In general, security proofs usually do not account for side channel attacks, which make use of information taken from the crypto system’s physical implementation. For example, a physical computer will inevitably use power and give off electromagnetic radiation when running a crypto system. In some cases, statistical analyses of this power consumption or radiation can be used to break the crypto system.
Third, sometimes, mathematical proofs themselves are wrong, including security proofs. For example, Boldyreva et al. (2007) created a new kind of digital signature (called OMS) which they claimed was more efficient and more secure than other systems with similar functionality. But then Hwang et al. (2009) showed that the “provably secure” OMS protocol could easily be broken. As it turned out, there was an undetected error in Boldyreva et al.’s 4-page proof for their Theorem 5.1.5
In fact, no system can be “provably secure” in the strongest sense, since (1) we can’t be 100% certain that the system’s formal security requirements have been specified properly, and (2) we can’t be 100% certain the security proof itself is without error.

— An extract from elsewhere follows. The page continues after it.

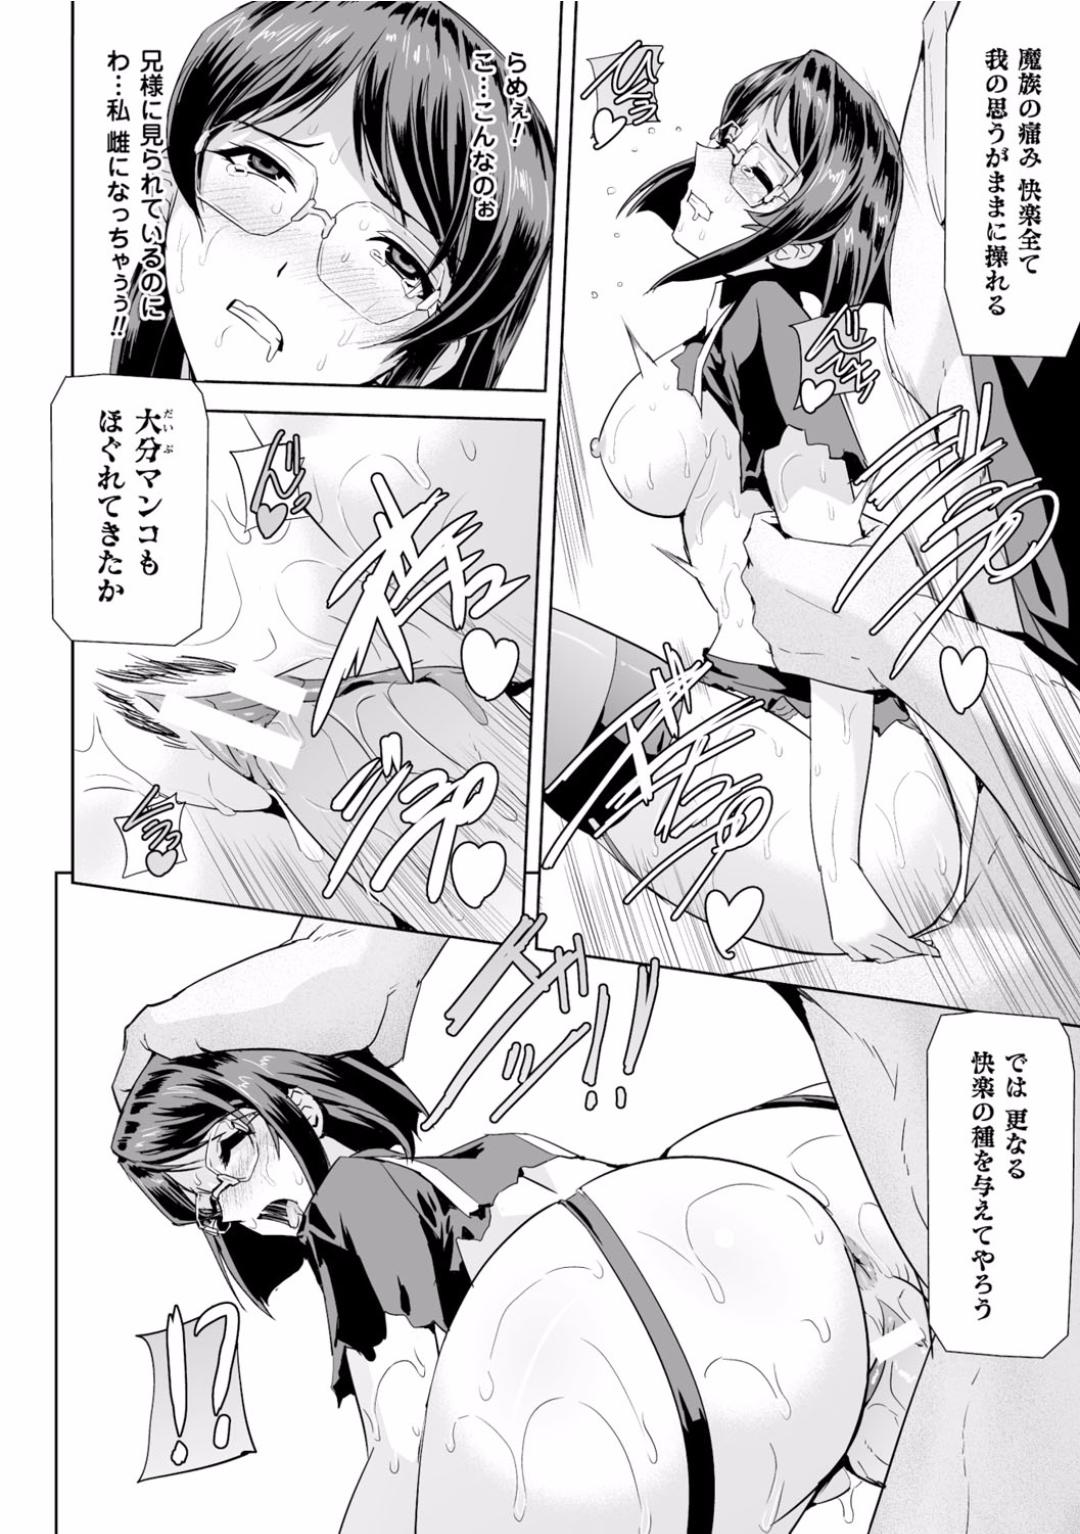 Seigi no Heroine Kangoku File Vol. 2 26

Similarly, some computer systems are labeled “provably safe,” usually because the software has (in whole or in part) been formally verified against formally specified safety criteria.6 But once again, we must remember that (1) we can never be 100% certain the formal safety specification captures everything we care about, and (2) we can never be 100% certain that a complex mathematical proof (formal verification) is without error.
The same reasoning applies to AGI “friendliness.” Even if we discover (apparent) solutions to known open problems in Friendly AI research, this does not mean that we can ever build an AGI that is “provably friendly” in the strongest sense, because (1) we can never be 100% certain that our formal specification of “friendliness” captures everything we care about, and (2) we can never be 100% certain that there are no errors in our formal reasoning. (In fact, the “friendliness specification” problem seems much harder than the “security specification” and “safety specification” problems, since proper friendliness specification involves a heavy dose of philosophy, and humans are notoriously bad at philosophy.)

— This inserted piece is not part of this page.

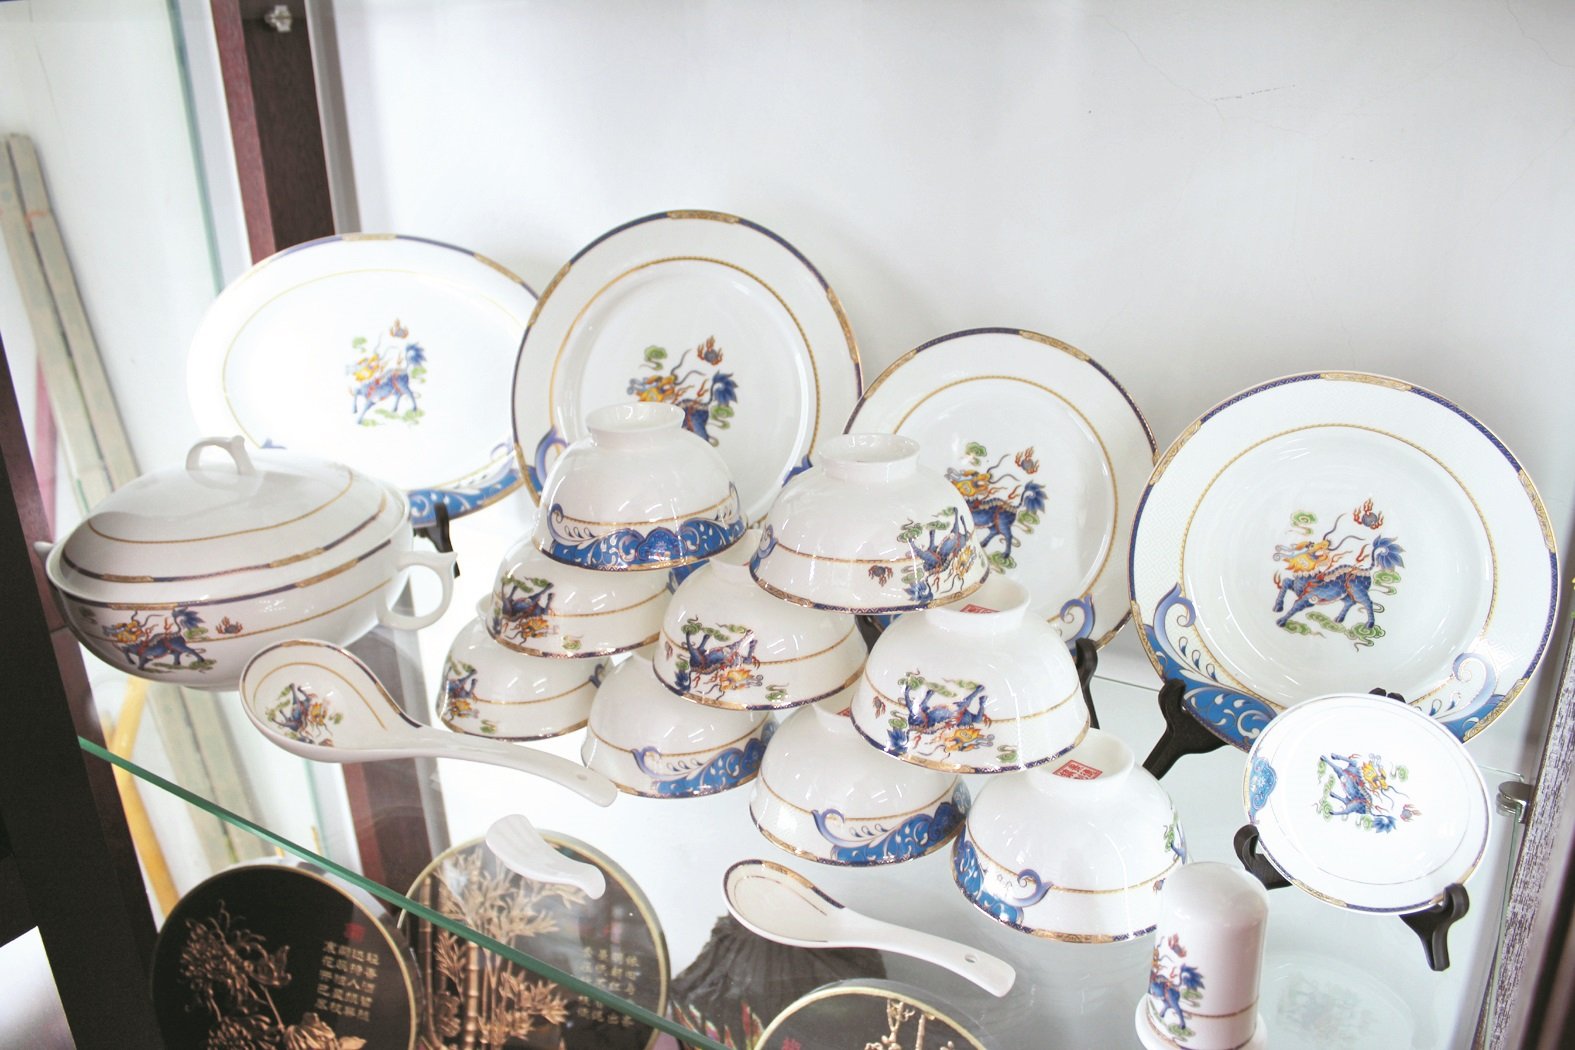 陶瓷产品如碗碟及杯子是人们生活中不可或缺的用具，惟消费者必须谨慎选购，才不会买到重金属超标的产品，误了家人的健康。

Thus, the approaches sometimes called “provable security,” “provable safety,” and “provable friendliness” should not be misunderstood as offering 100% guarantees of security, safety, and friendliness.7 Rather, these approaches are meant to provide more confidence than we could otherwise have, all else equal, that a given system is secure, safe, or “friendly.”
Especially for something as complex as Friendly AI, our message is: “If we prove it correct, it might work. If we don’t prove it correct, it definitely won’t work.”8
Humans often want zero-risk solutions, but there aren’t any zero-risk solutions for computer security, safety, or friendliness. On the other hand, we shouldn’t ignore the value of formal proofs. They give us more precision than any other method available, and are a useful complement to (e.g.) testing.9
And when it comes to building self-improving AGI, we’d like to have as much confidence in the system’s friendliness as we can. A self-improving AGI is not just a “safety-critical system,” but a world-critical system. Friendliness research is hard, but it’s worth it, given the stakes.10
- An encryption system is said to be provably secure if its security requirements are stated formally, and proven to be satisfied by the system, as was the case with Rabin’s system. See Wikipedia. ↩↩
- Security reductions can still be useful (Damgård 2007). My point is just that term “provable security” can be misleading, especially to non-experts. ↩↩
- For more details, and some additional problems with the term “provable security,” see Koblitz & Menezes’ Another Look website and its linked articles, especially Koblitz & Menezes (2010). ↩↩
- See Williams (1980). ↩↩
- See Koblitz & Menezes (2010). For additional examples of errors in mathematical proofs, see Branwen (2012); Kornai (2013). ↩↩
- See also Transparency in Safety-Critical Systems. ↩↩
- Because this misunderstanding is so common, MIRI staff try to avoid using phrases like “provably Friendly.” MIRI research fellow Eliezer Yudkowsky is often accused of advocating for “provably friendly” AGI, but I was unable to find an example of Yudkowsky himself using that phrase. If Yudkowsky has used that phrase in the past, it seems likely that he was talking about having certain proofs about the internal structure of the AGI (to give us more confidence in its friendliness than would otherwise be the case), not proofs about its behavior in the physical world.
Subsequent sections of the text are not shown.